[Task instructions]: Whenever a picture appears in the data, skip it and write out all other material exactly.
*** Input data Section Begins ***
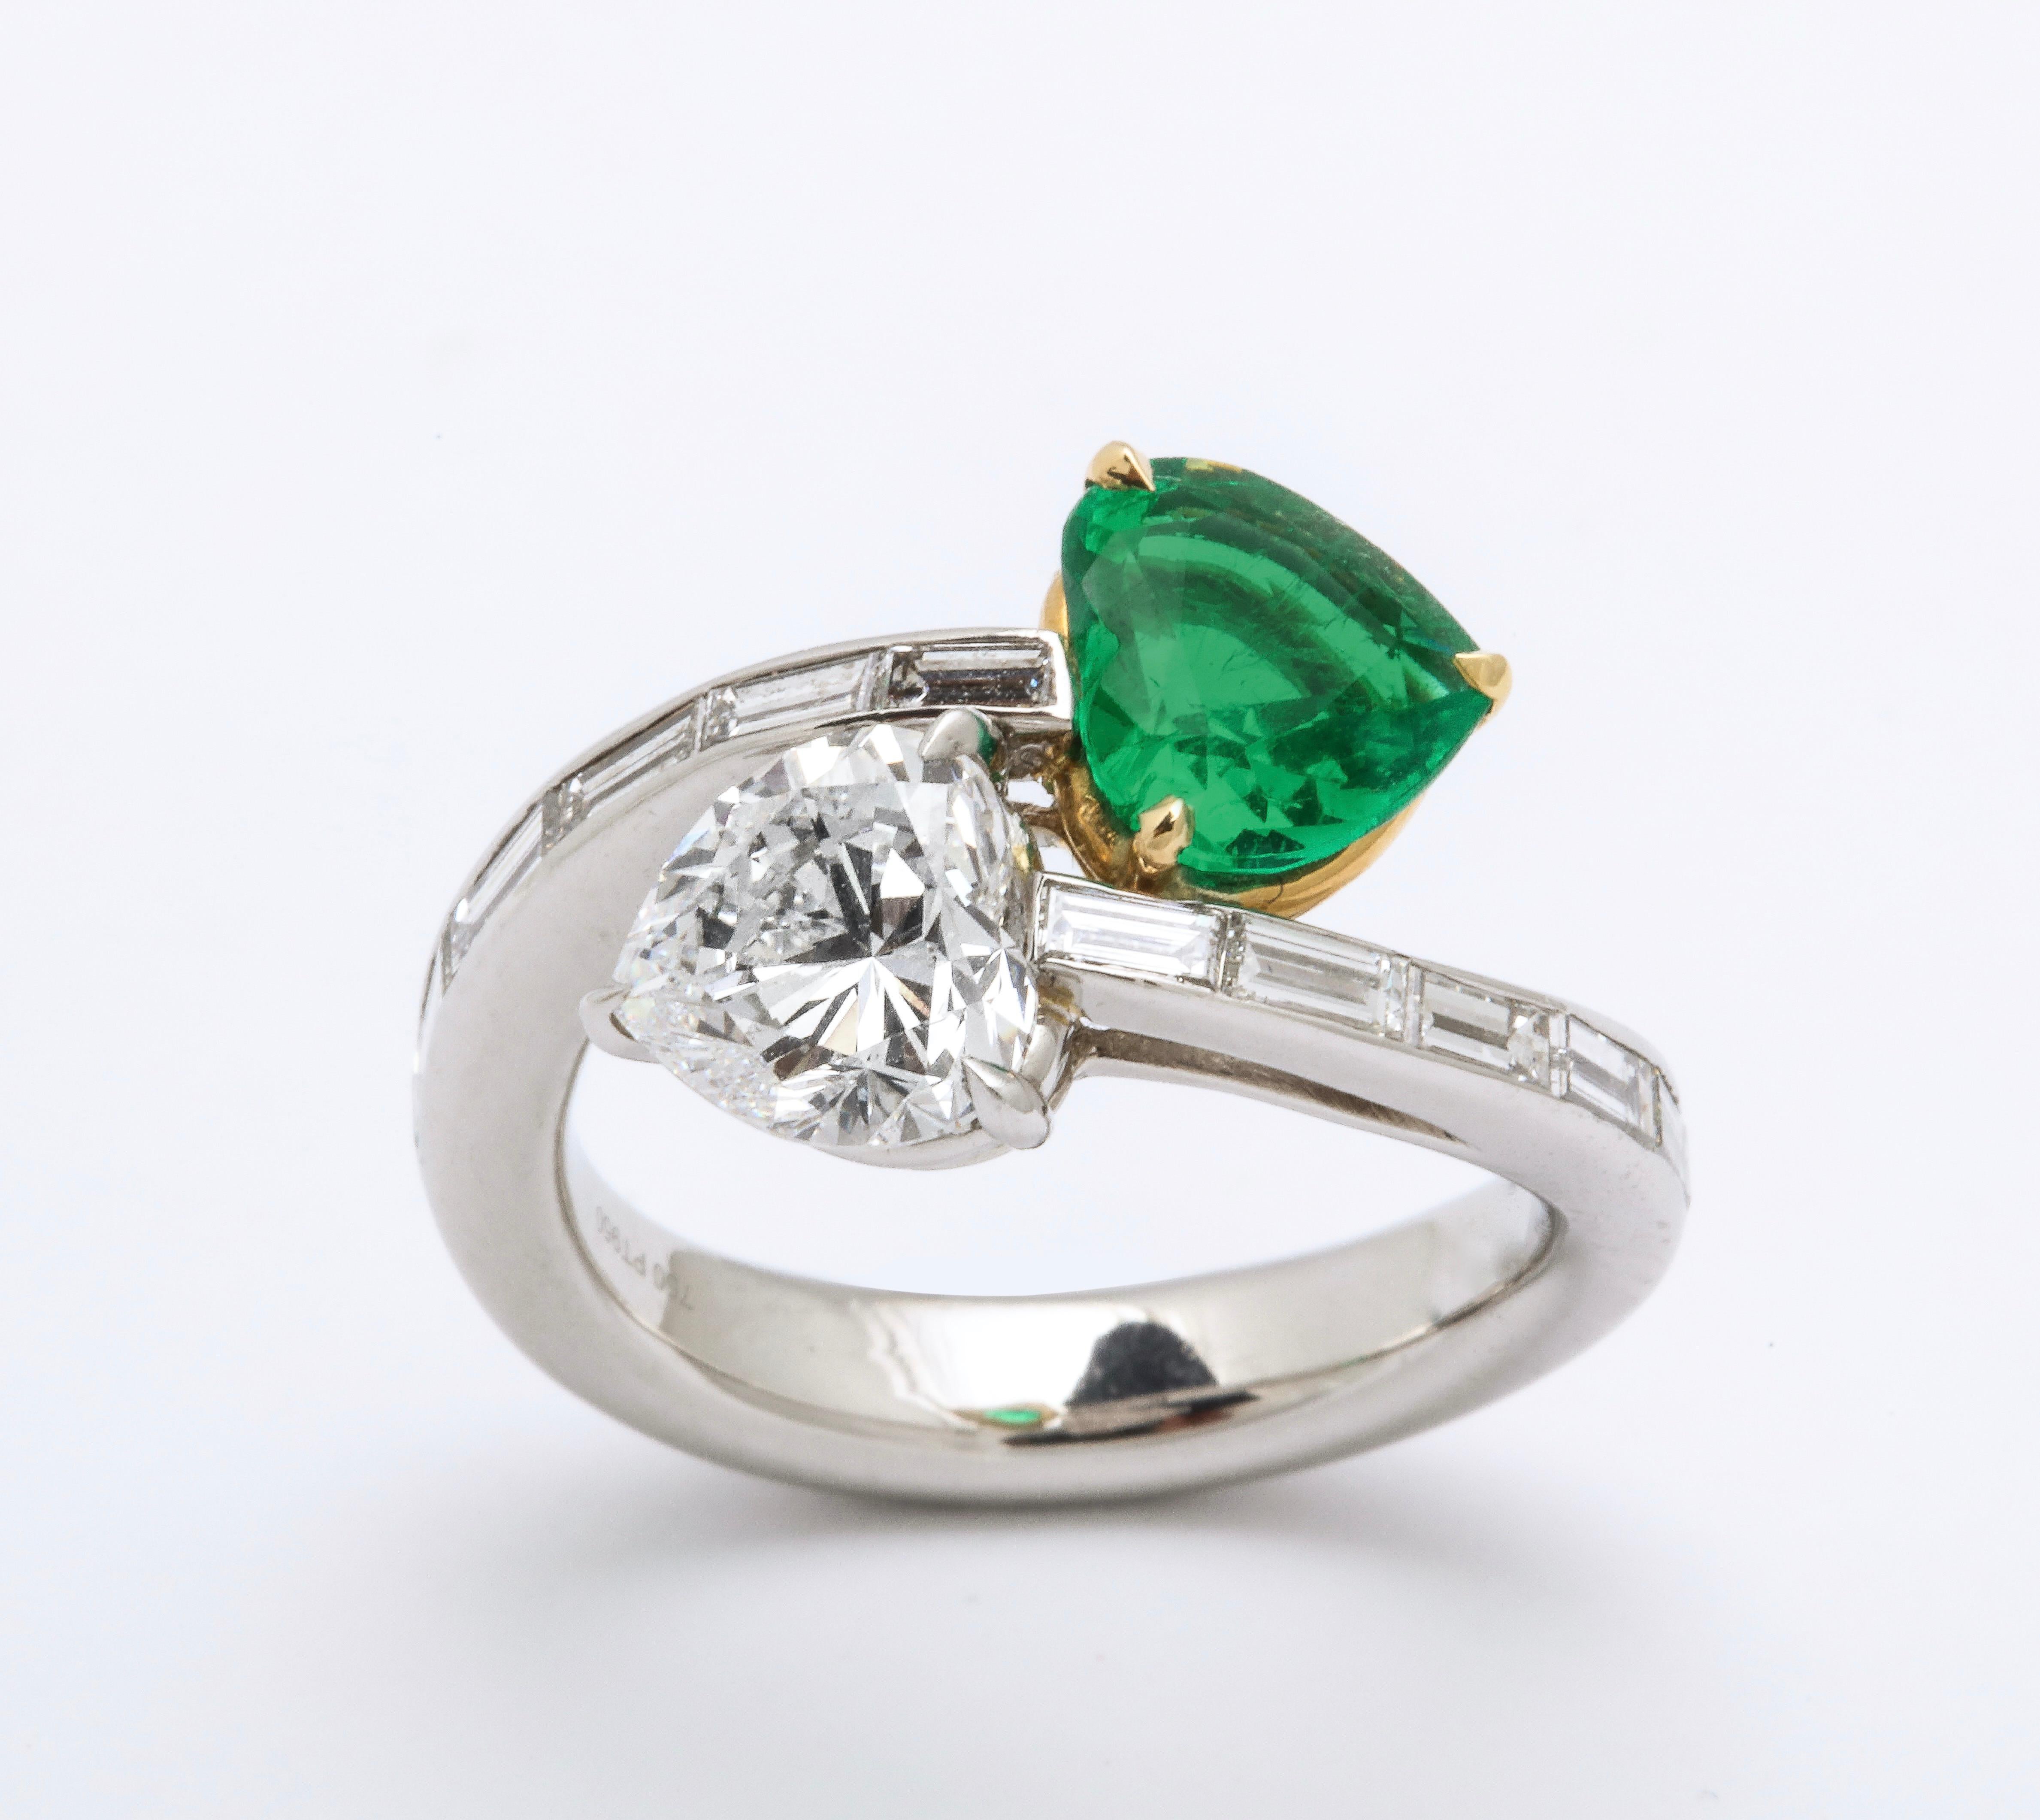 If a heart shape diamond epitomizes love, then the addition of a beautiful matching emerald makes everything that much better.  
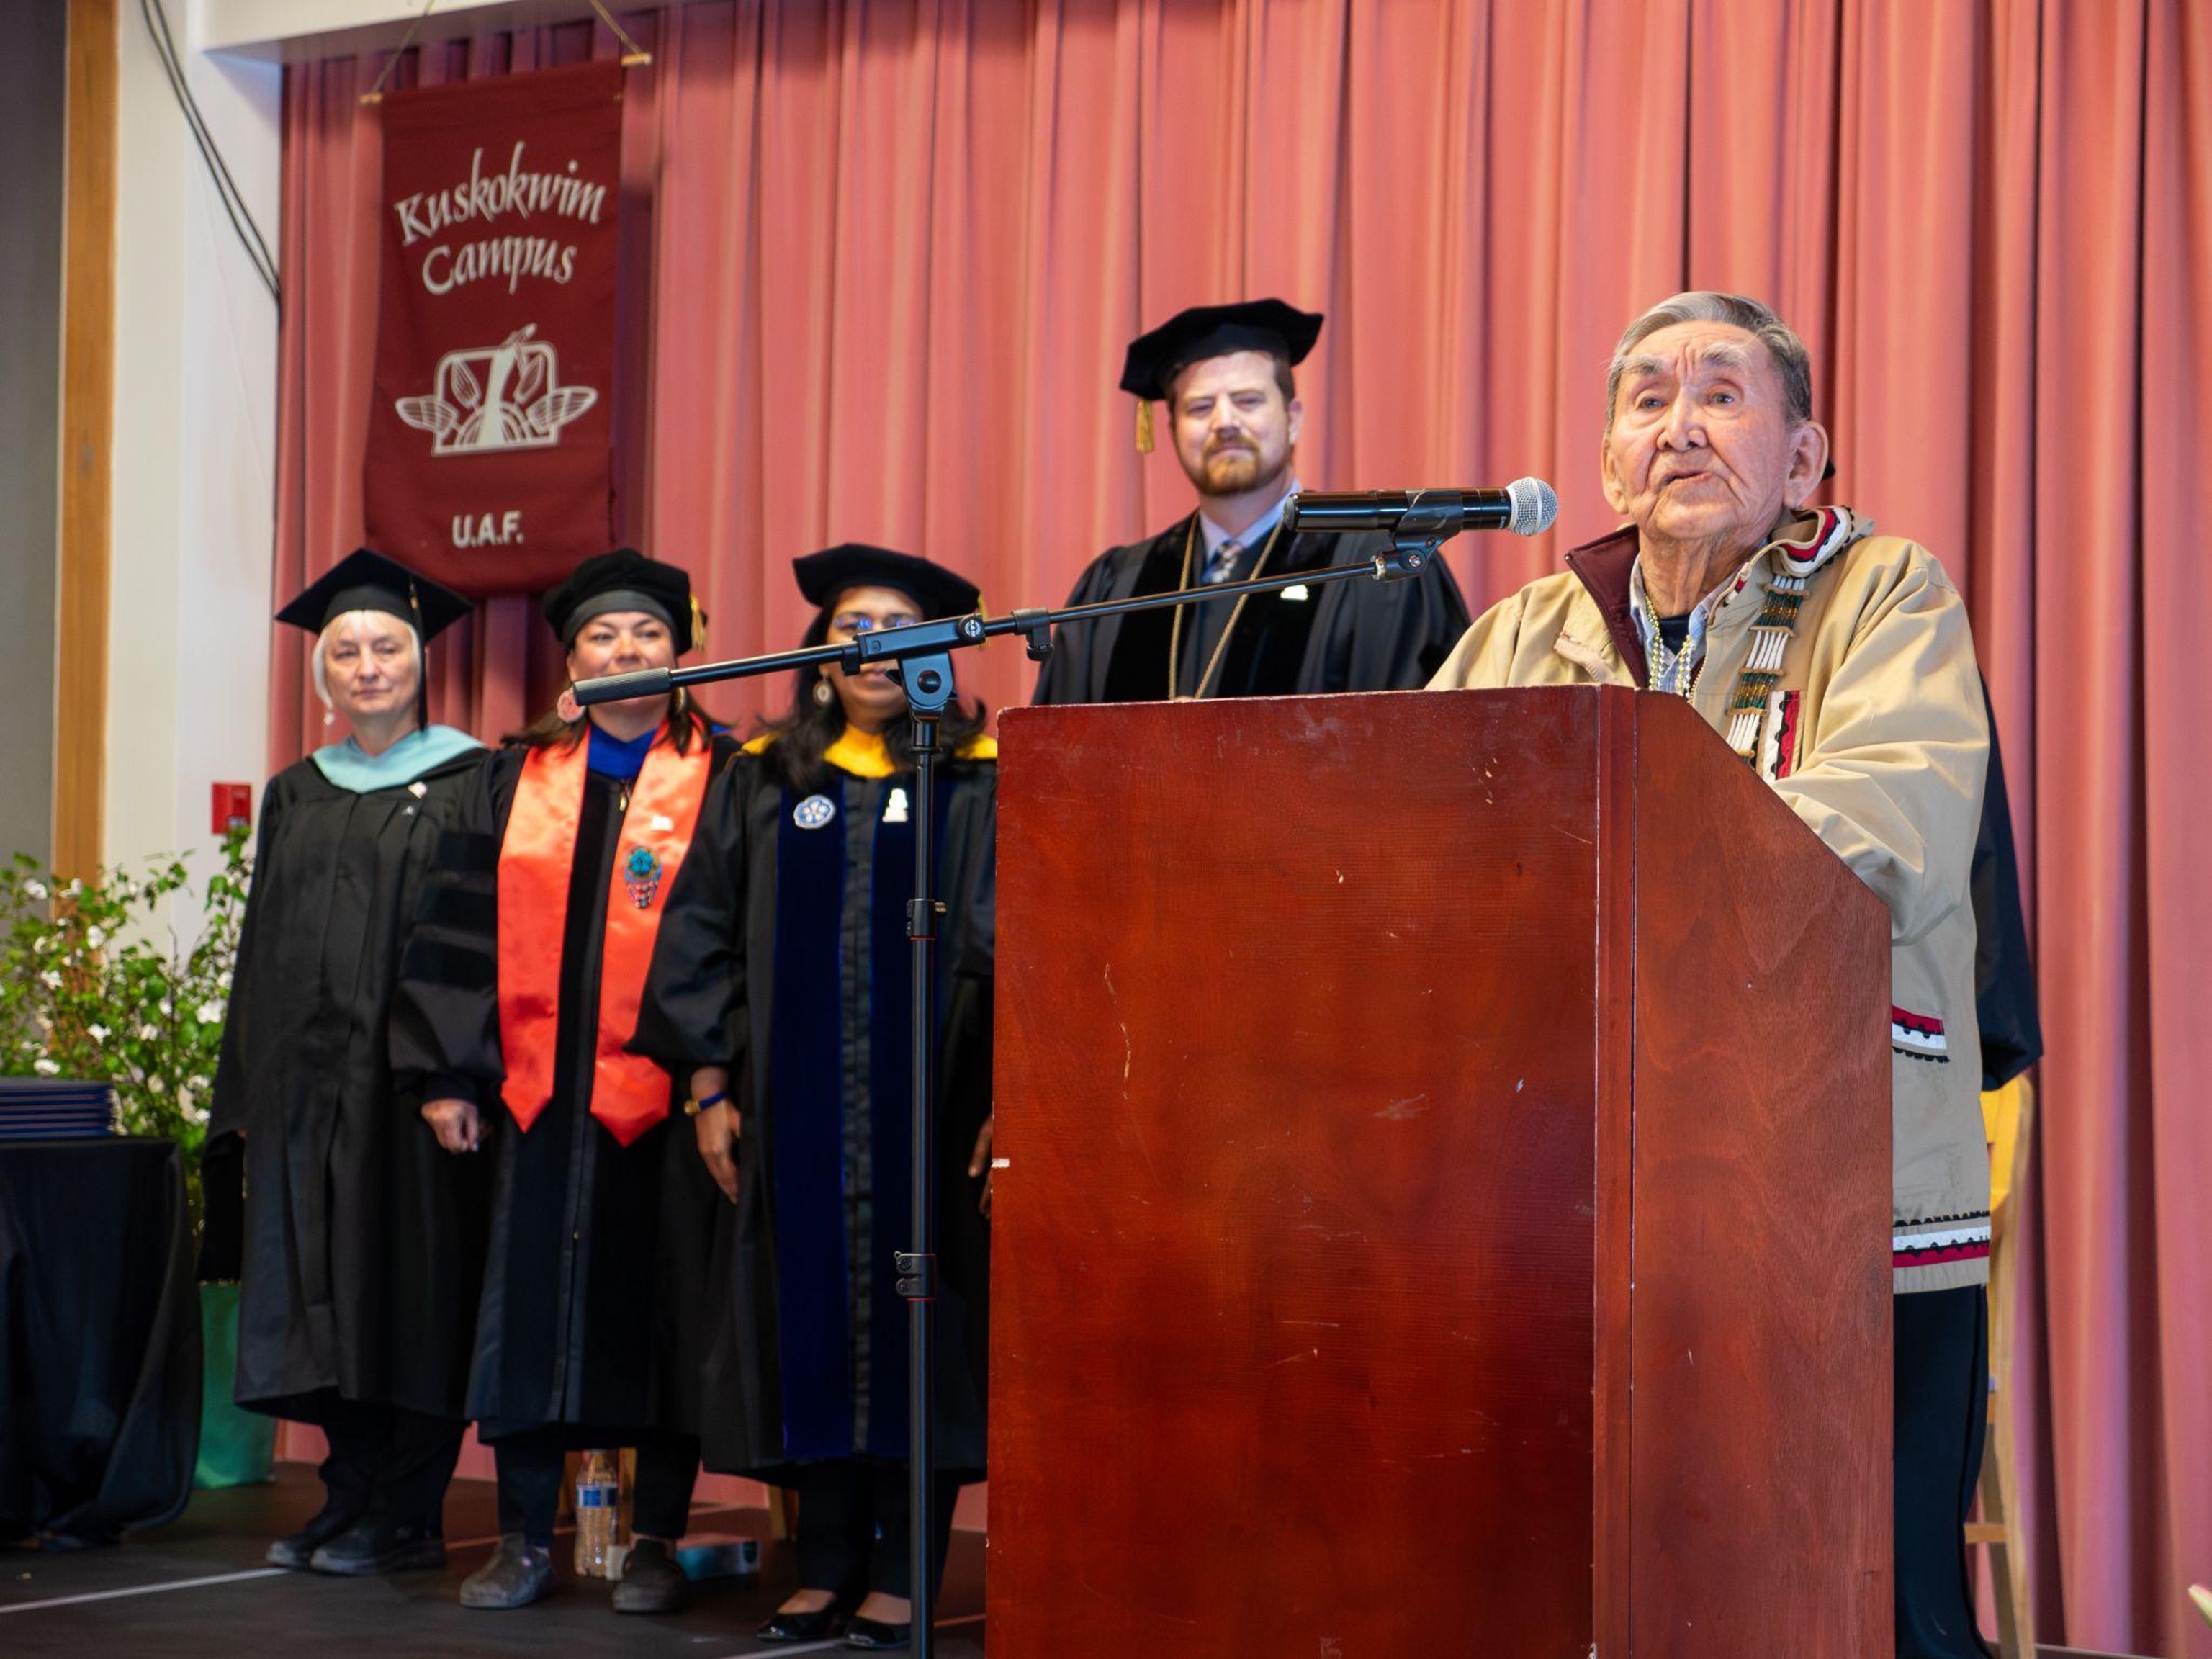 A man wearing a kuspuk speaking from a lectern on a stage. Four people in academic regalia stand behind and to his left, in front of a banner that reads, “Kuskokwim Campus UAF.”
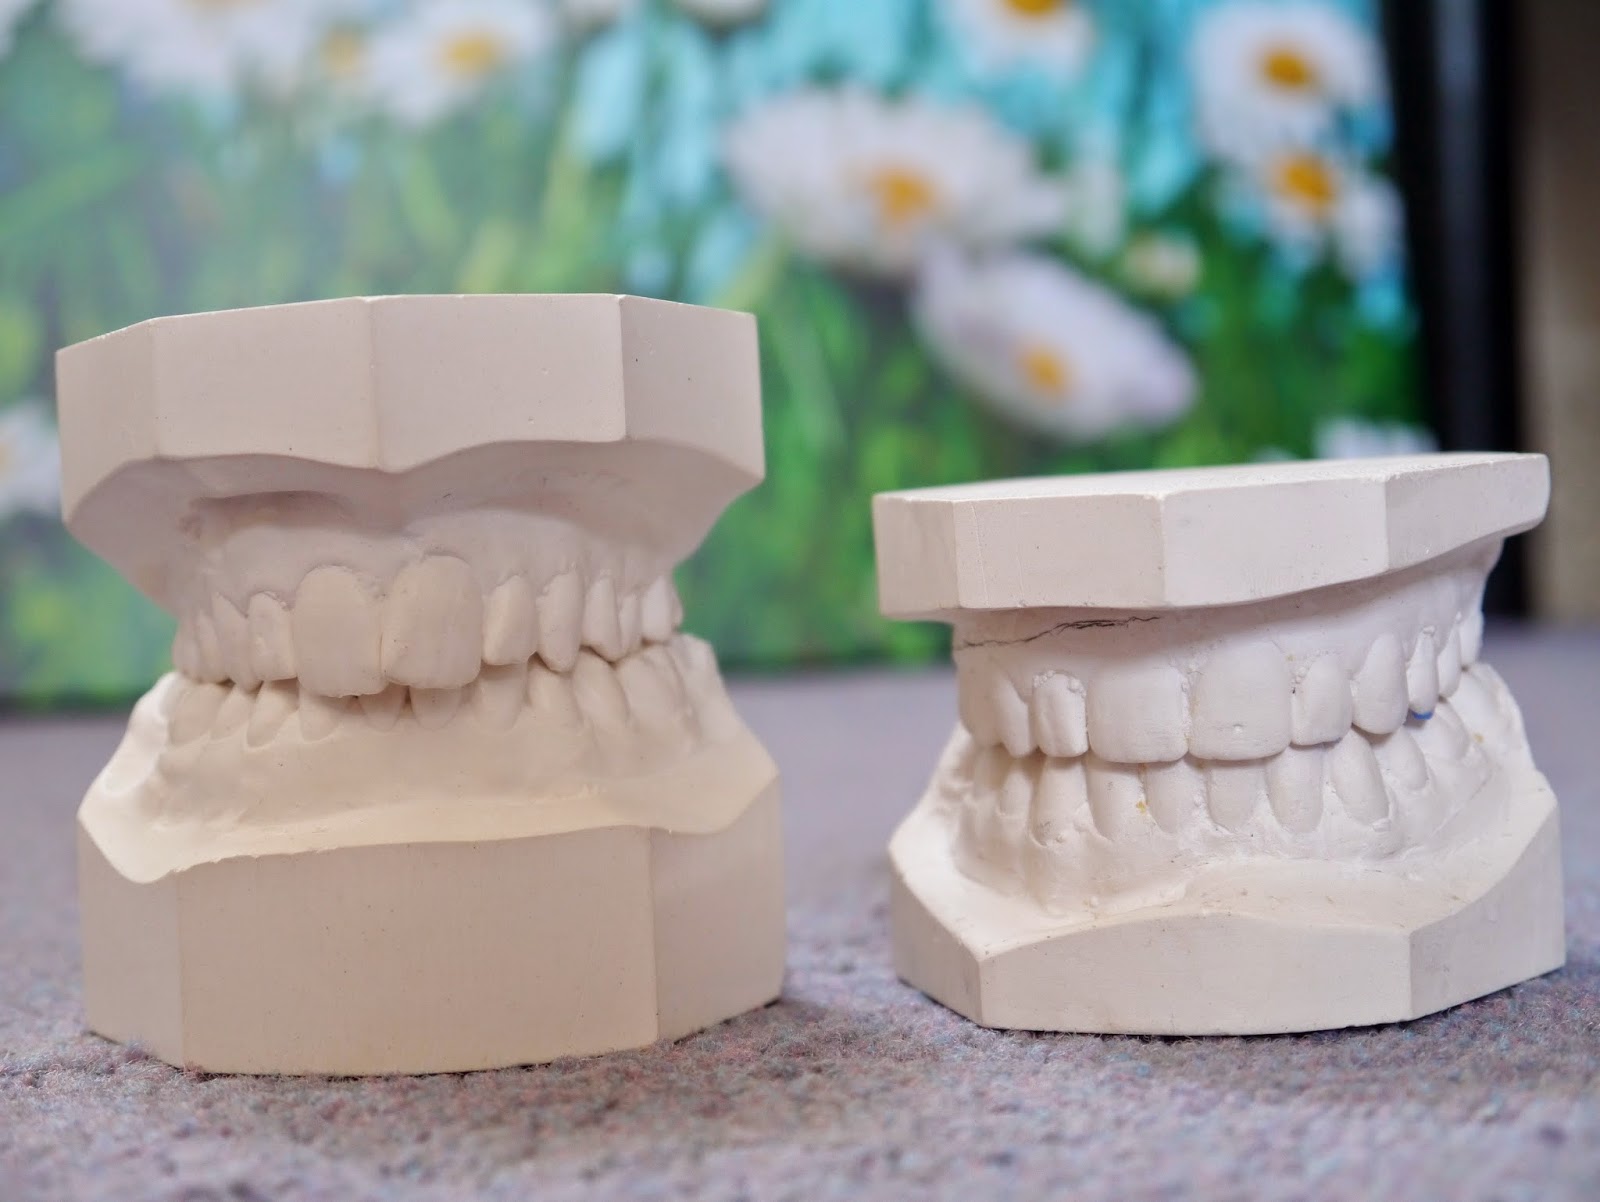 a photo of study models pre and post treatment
*** Input data Section Ends ***
[Output for this task]:
 If a heart shape diamond epitomizes love, then the addition of a beautiful matching emerald makes everything that much better.  
 A man wearing a kuspuk speaking from a lectern on a stage. Four people in academic regalia stand behind and to his left, in front of a banner that reads, “Kuskokwim Campus UAF.”
 a photo of study models pre and post treatment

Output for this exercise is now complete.